* Input data
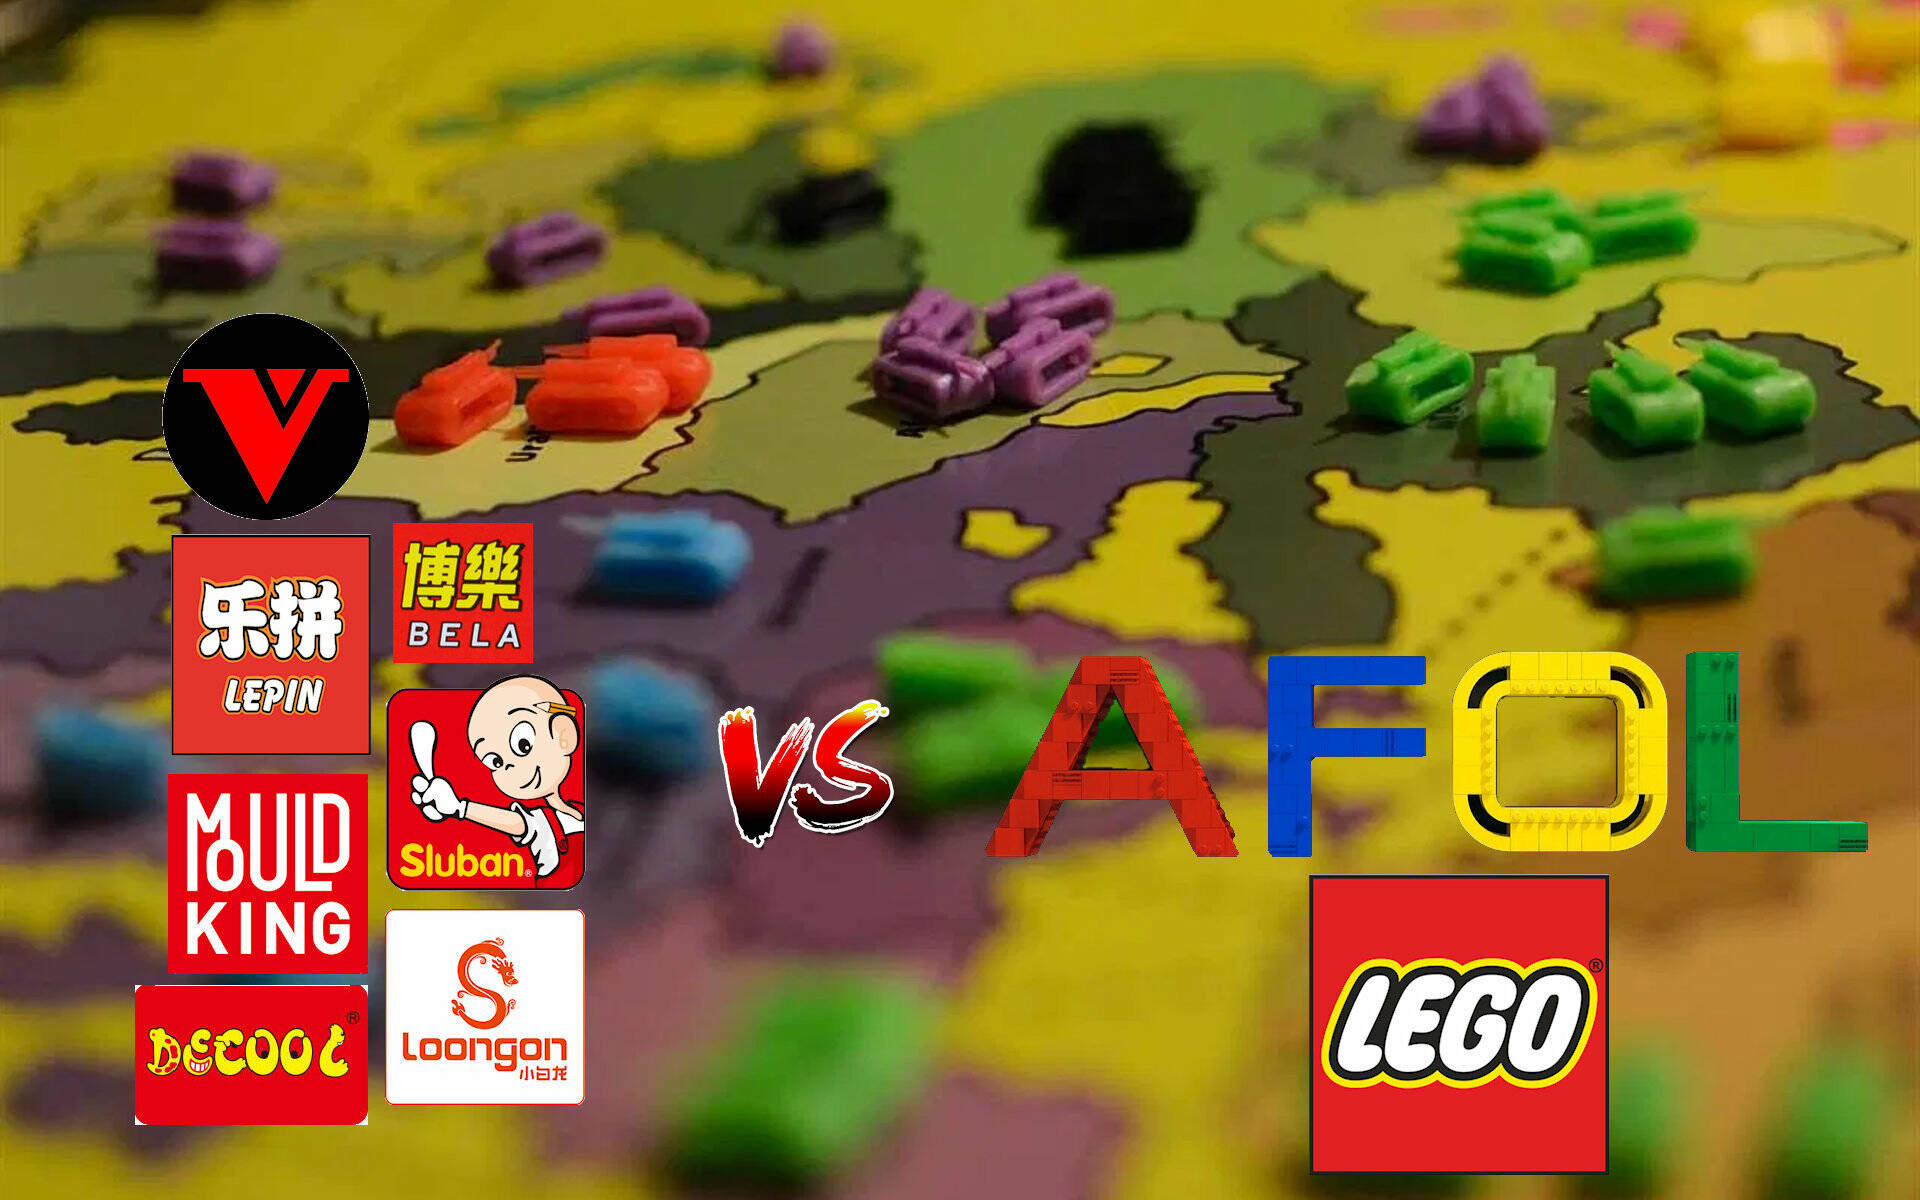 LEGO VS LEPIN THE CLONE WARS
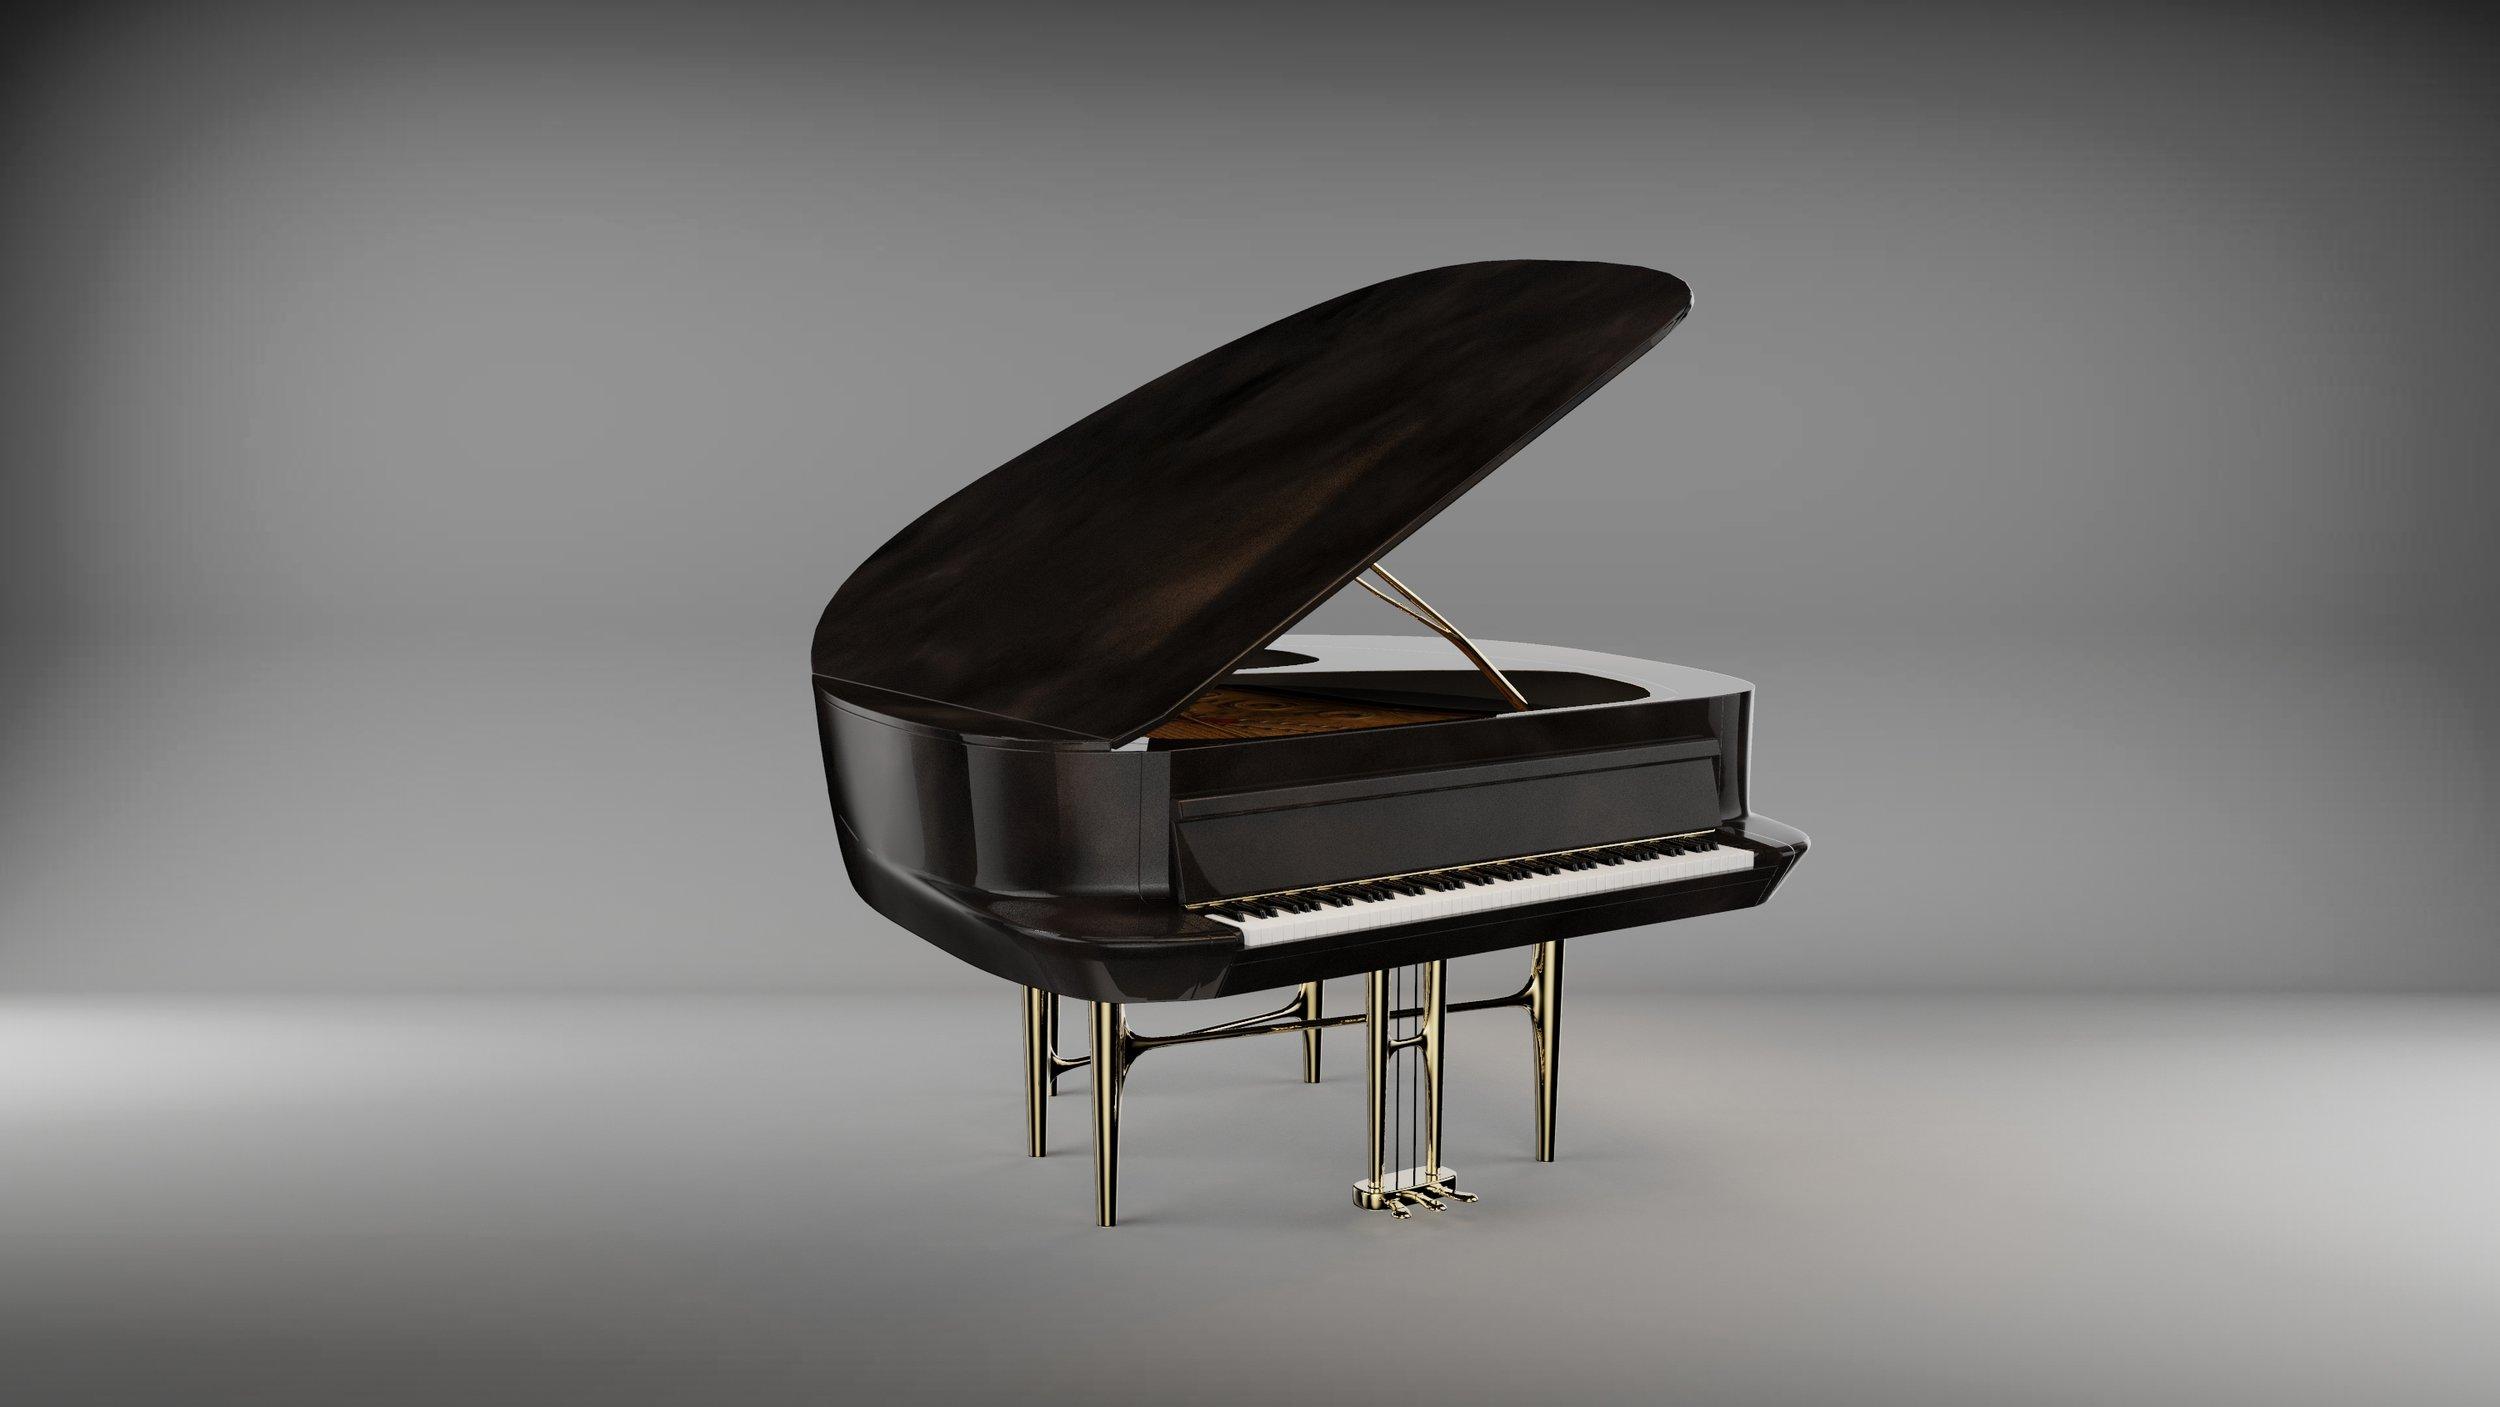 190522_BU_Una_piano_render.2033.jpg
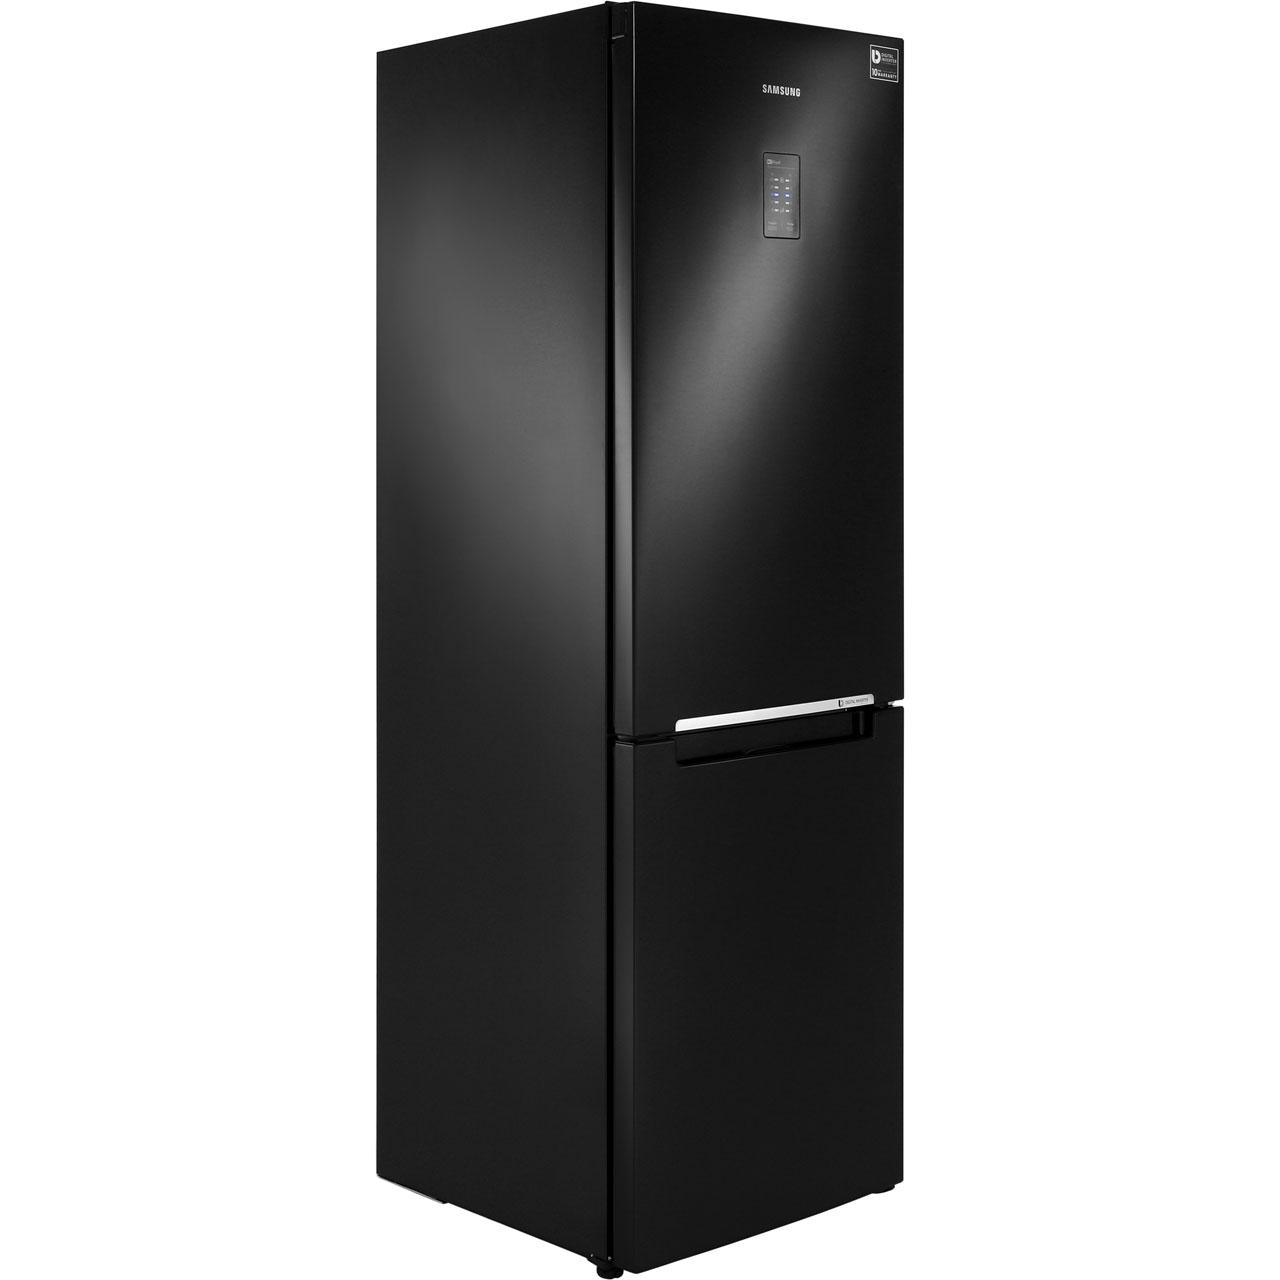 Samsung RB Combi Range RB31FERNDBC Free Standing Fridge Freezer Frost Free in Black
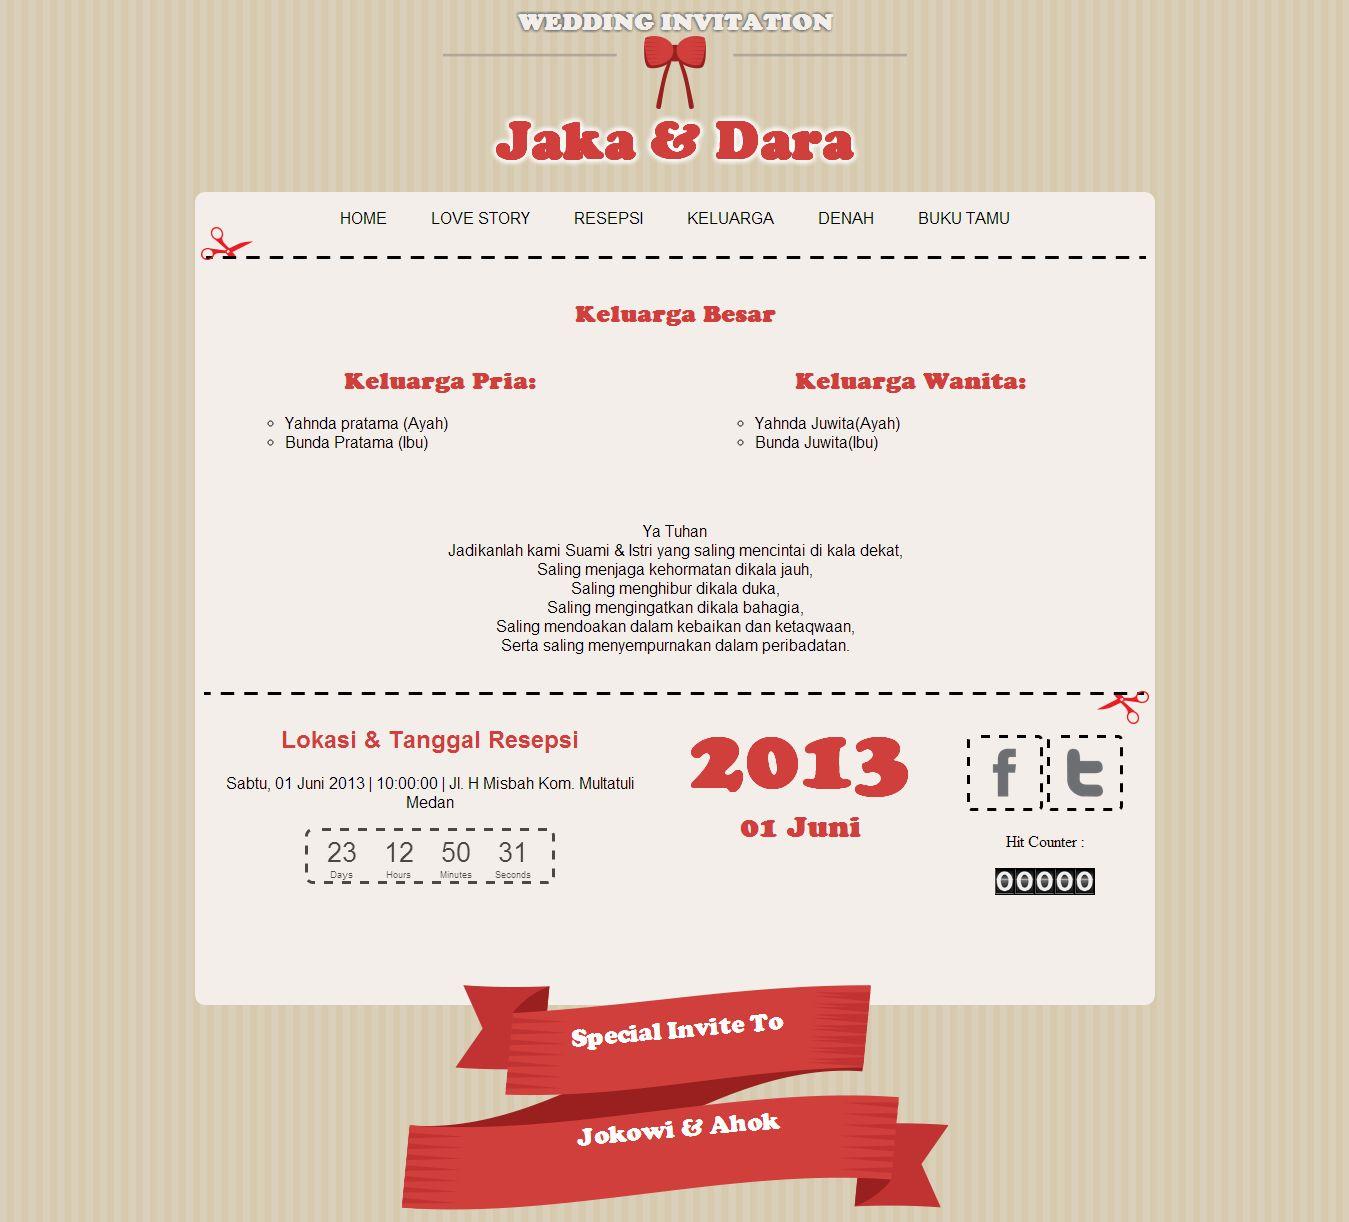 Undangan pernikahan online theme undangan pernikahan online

* Exercise instructions
What is needed is the listing above, repeated verbatim, without its images.

* Task solution
 LEGO VS LEPIN THE CLONE WARS
 190522_BU_Una_piano_render.2033.jpg
 Samsung RB Combi Range RB31FERNDBC Free Standing Fridge Freezer Frost Free in Black
 Undangan pernikahan online theme undangan pernikahan online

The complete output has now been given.